データセキュリティ・アクセスのもう一つの要素は分離です。通信や取引情報のアーカイブにブルームバーグ・ヴォールトを使用しているブルームバーグのお客さまの場合、データは会社、アカウントレベル、その他の権限に基づいて論理的に分離されています。また、ブルームバーグのお客さまの多くは、ブルームバーグ・ヴォールトのプレミアムサービスを利用して、メッセージや録音を当社の安全なデータセンター内のWORM(Write Once Read Many、改ざん・消去不可)ストレージにアーカイブし、データが改ざんまたは変更できないようにしています。

5. データ保持に対するミニマリスト的アプローチを採る

企業のデータを保護することと同様に重要なのは、データを処分する時期を理解することです。データおよびサイバーセキュリティのフレームワークは、どのようなデータをどのくらいの期間保存すべきかを明確に示したデータ保存ポリシーを網羅する必要があります。

規制当局によって保存要件は異なり、また企業ごとに独自のタイムラインがある可能性もあります。しかし、優れたデータガバナンスには、必要に応じてデータを削除し、アーカイブするためのポリシーが含まれています。データは金融サービス会社の生命線ですが、それが足かせになることもあります。
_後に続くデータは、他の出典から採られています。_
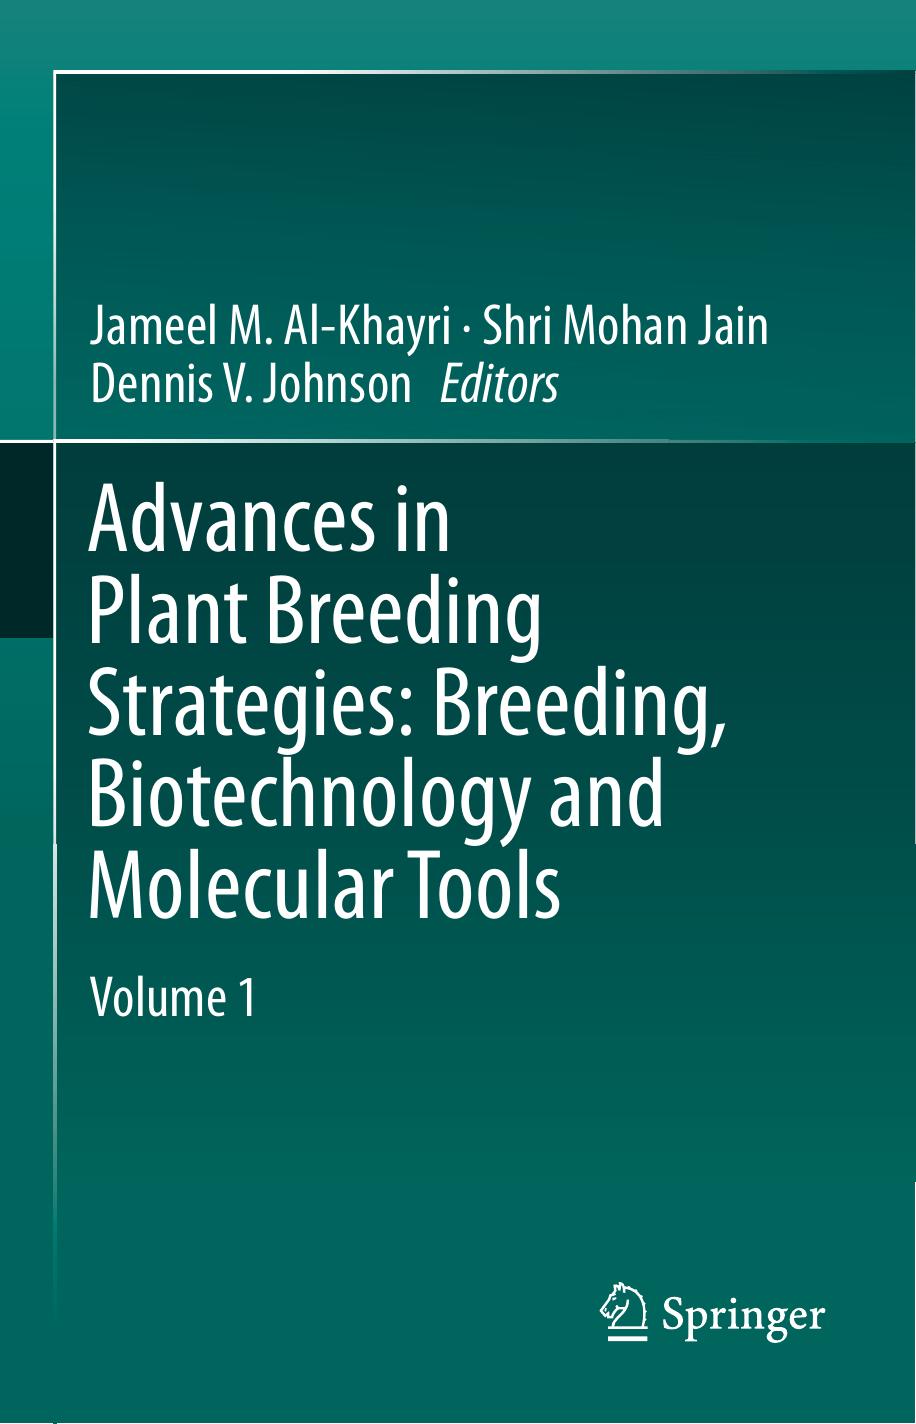 Advances in Plant Breeding Strategies  Breeding, Biotechnology and Molecular Tools 2015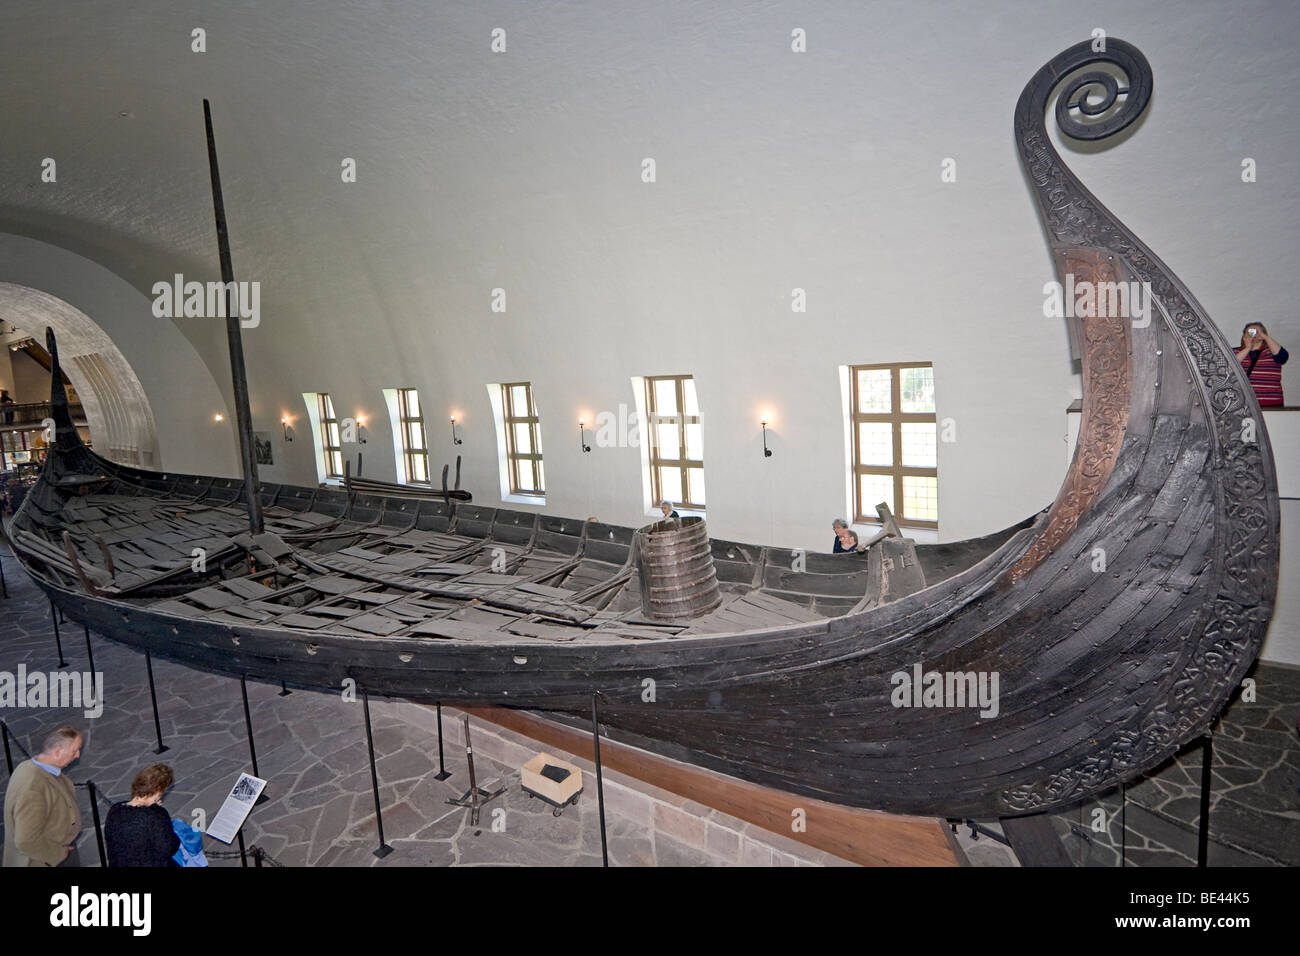 Oseburg Schiff im Wikingerschiff-Museum in Oslo, Norwegen. Stockfoto

確かに、コンプライアンス・オフィサーが対処すべきリスクは過去数十年の間に大きく変化しており、今後も進化し続けることは間違いないでしょう。ガバナンス、テクノロジー、ガイダンスに積極的に取り組むことで、サイバーセキュリティの分野で他社よりも一歩先を行くことが可能になります。

ベンダーに質問すべき事項

  • データセンターはどこにあり、どのような基準で管理されているか?
    多くのセンターはオフショアに設置されており、異なる法制度や基準によってセキュリティリスクが生じる可能性があります。
  • データセンターの立ち入り検査は可能か?
    この質問に対する答えは「いいえ」であるべきで、それには正当な理由があります。別の方法として、データセンターは施設の建設と運用の映像を流すビデオを提供することができます。
  • 特定の個人がある個人データにアクセスするための基準は何か?
    社内で権限を持つ者が書面によって許可しない限り、誰も特定の個人データへのアクセスは許可されるべきではない。

本稿は英文で発行された記事を翻訳したものです。英語の原文と翻訳内容に相違がある場合には原文が優先します。